▶ Prompt
In the data below, the copy begins at the line containing "H.I.S Unterhemd (2er-Pack)" and runs through the last line; repeat those lines exactly, minus the pictures.

▶ Collected data
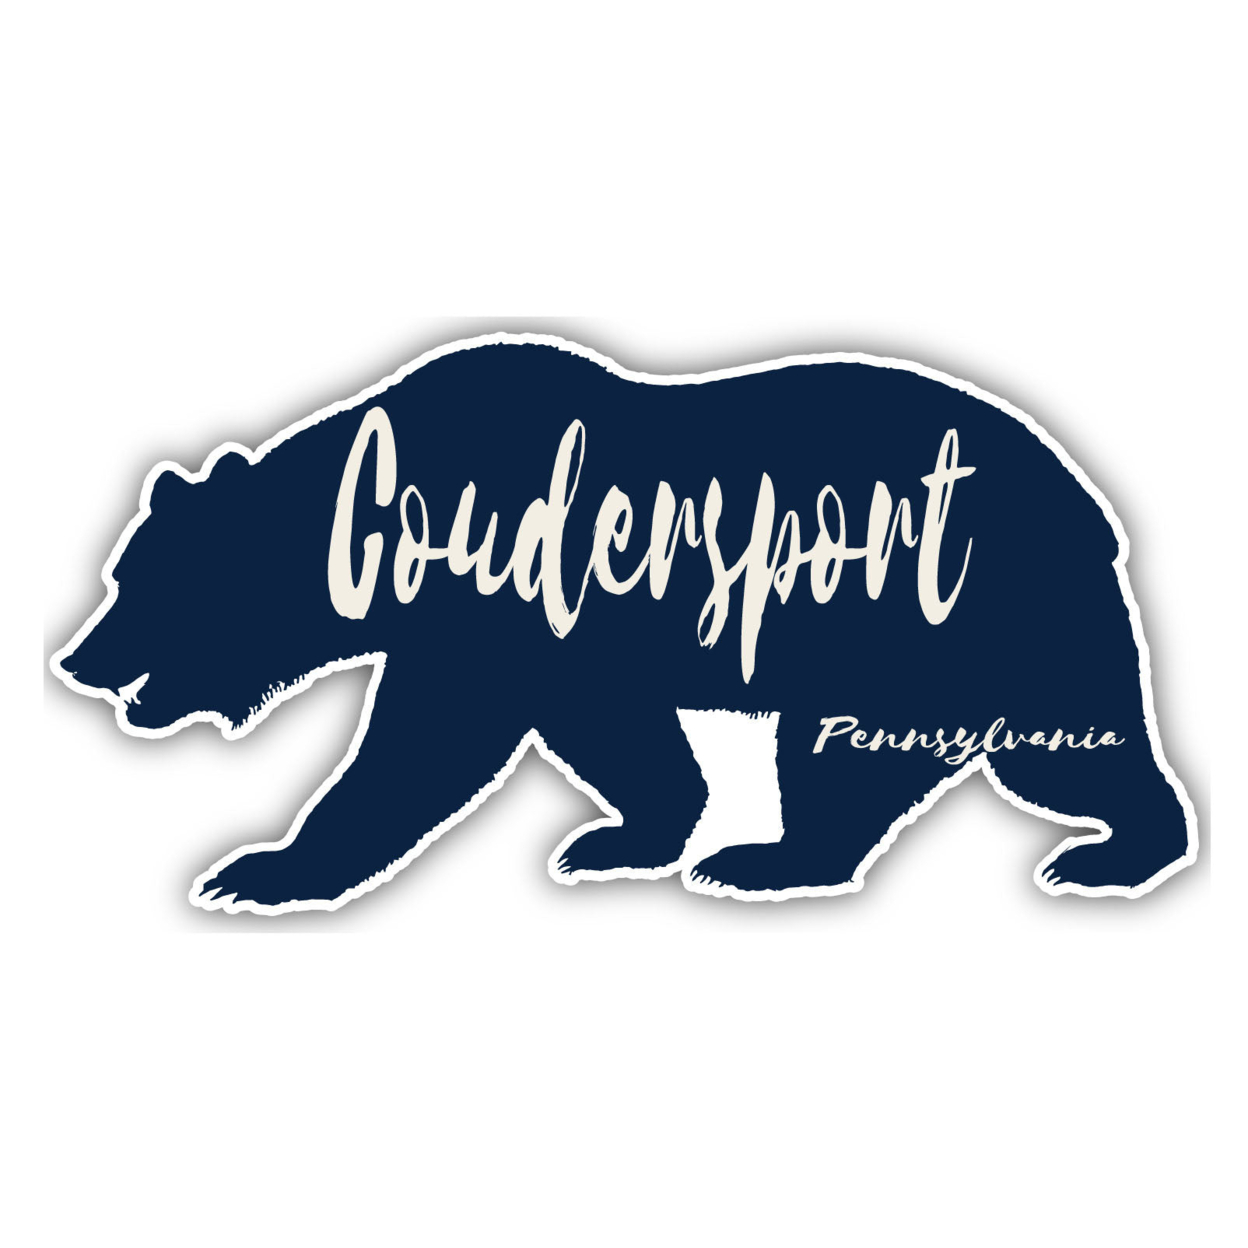 Coudersport Pennsylvania Souvenir Decorative Stickers (Choose Theme And Size) - Single Unit, 6-Inch, Bear
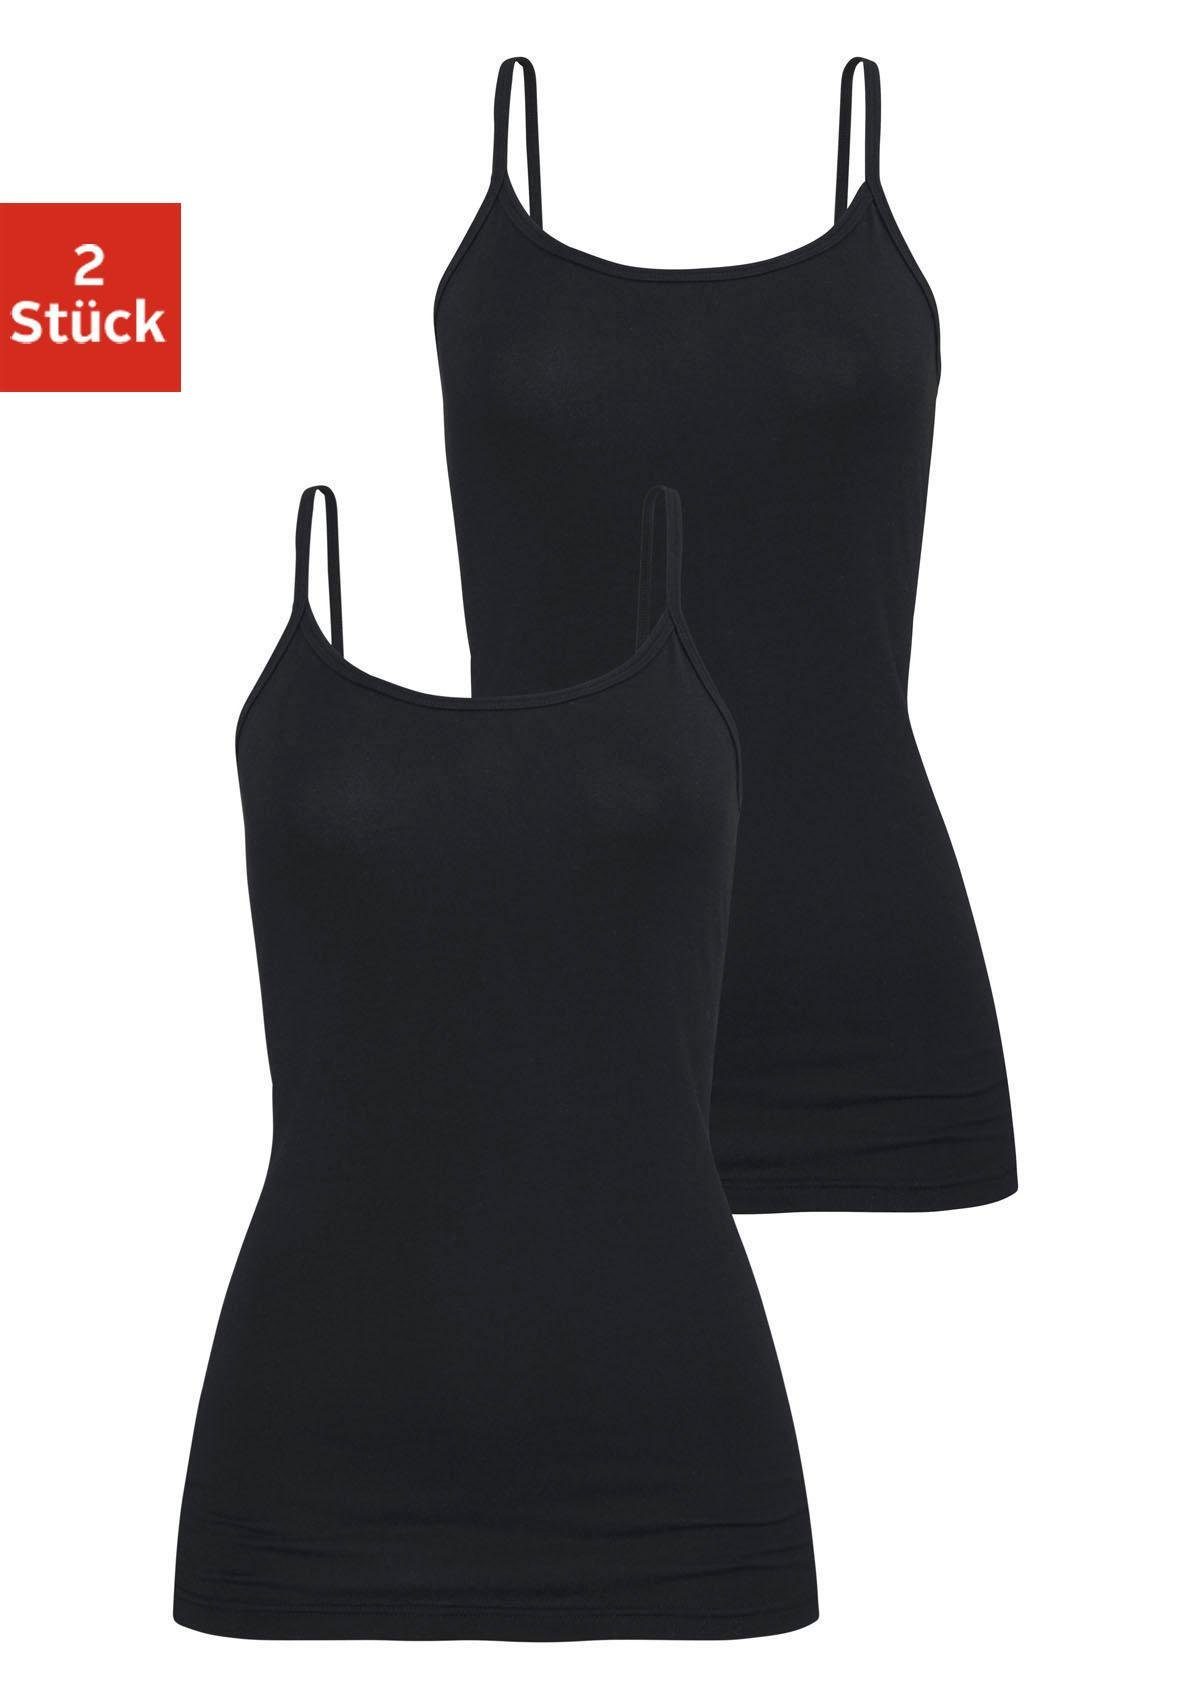 H.I.S Unterhemd (2er-Pack) schwarz aus Spaghettiträger-Top, elastischer Unterziehshirt Baumwoll-Qualität
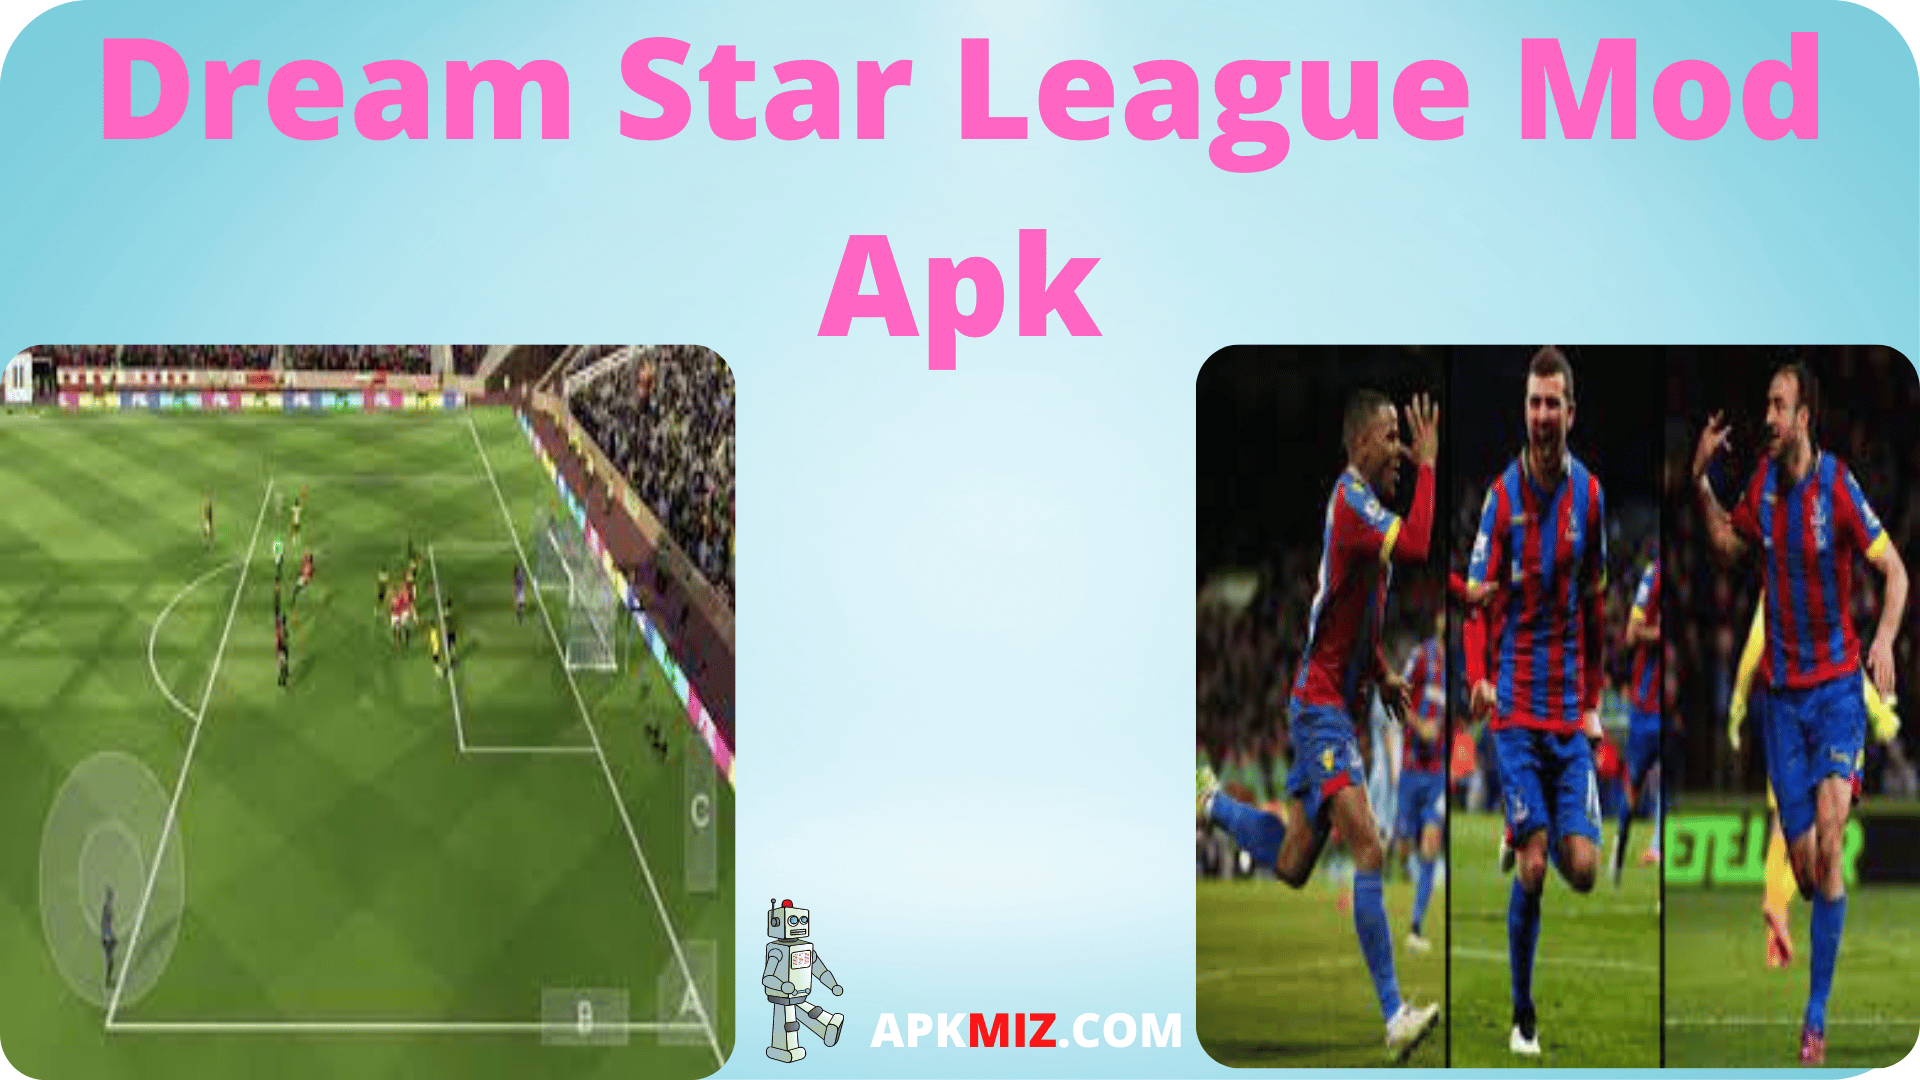 Dream Star League Mod Apk

▶ Your solution
 H.I.S Unterhemd (2er-Pack) schwarz aus Spaghettiträger-Top, elastischer Unterziehshirt Baumwoll-Qualität
 Dream Star League Mod Apk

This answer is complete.